## What you need to do:
What you return must be an exact copy of the lines in the listing below between the line holding "Malvorlage Liebe | Ausmalbild 20623." and the line holding "Killarney Heights Kitchen", inclusive, and nothing more.

## Records for this exercise:
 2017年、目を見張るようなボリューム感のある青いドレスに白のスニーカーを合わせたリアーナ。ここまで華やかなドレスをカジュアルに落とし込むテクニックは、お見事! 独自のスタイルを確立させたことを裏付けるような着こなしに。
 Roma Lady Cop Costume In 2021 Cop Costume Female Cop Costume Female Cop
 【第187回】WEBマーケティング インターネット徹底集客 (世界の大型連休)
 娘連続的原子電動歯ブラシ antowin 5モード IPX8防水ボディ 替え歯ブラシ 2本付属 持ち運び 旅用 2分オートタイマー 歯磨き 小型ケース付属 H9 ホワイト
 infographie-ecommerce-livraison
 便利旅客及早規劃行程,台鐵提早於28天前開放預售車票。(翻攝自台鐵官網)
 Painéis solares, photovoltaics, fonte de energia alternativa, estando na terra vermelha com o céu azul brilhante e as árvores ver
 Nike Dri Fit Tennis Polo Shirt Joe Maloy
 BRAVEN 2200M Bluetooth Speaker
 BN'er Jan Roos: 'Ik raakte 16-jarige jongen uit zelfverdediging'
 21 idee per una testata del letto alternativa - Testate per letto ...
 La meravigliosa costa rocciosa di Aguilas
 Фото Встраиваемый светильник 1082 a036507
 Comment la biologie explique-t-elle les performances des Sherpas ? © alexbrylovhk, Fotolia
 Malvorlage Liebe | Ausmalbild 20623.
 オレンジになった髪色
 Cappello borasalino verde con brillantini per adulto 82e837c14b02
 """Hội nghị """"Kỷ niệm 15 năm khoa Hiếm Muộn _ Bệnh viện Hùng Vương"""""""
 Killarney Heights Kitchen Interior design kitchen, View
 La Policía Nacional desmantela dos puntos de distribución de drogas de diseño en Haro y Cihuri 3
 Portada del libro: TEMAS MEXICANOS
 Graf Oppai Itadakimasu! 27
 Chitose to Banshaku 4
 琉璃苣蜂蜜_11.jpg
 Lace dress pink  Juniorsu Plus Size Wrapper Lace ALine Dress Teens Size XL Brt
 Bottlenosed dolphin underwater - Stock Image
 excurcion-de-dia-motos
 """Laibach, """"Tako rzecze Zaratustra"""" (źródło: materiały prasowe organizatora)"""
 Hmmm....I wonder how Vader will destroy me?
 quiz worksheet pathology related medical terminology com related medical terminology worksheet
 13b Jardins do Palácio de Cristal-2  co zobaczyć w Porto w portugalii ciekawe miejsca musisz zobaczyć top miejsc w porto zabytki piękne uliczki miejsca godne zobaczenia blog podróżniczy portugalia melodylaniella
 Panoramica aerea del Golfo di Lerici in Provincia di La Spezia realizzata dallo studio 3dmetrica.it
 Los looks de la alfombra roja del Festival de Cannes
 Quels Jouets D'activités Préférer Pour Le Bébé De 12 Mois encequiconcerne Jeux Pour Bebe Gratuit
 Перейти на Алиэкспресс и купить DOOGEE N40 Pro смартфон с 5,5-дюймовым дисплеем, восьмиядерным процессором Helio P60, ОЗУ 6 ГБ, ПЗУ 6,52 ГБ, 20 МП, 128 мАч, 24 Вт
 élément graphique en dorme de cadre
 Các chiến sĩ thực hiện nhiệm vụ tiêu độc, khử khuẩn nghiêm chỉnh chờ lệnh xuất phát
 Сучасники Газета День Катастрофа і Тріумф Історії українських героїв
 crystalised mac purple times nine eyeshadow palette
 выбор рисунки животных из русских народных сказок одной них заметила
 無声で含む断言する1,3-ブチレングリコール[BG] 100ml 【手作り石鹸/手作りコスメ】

## Solution to this problem:
 Malvorlage Liebe | Ausmalbild 20623.
 オレンジになった髪色
 Cappello borasalino verde con brillantini per adulto 82e837c14b02
 """Hội nghị """"Kỷ niệm 15 năm khoa Hiếm Muộn _ Bệnh viện Hùng Vương"""""""
 Killarney Heights Kitchen Interior design kitchen, View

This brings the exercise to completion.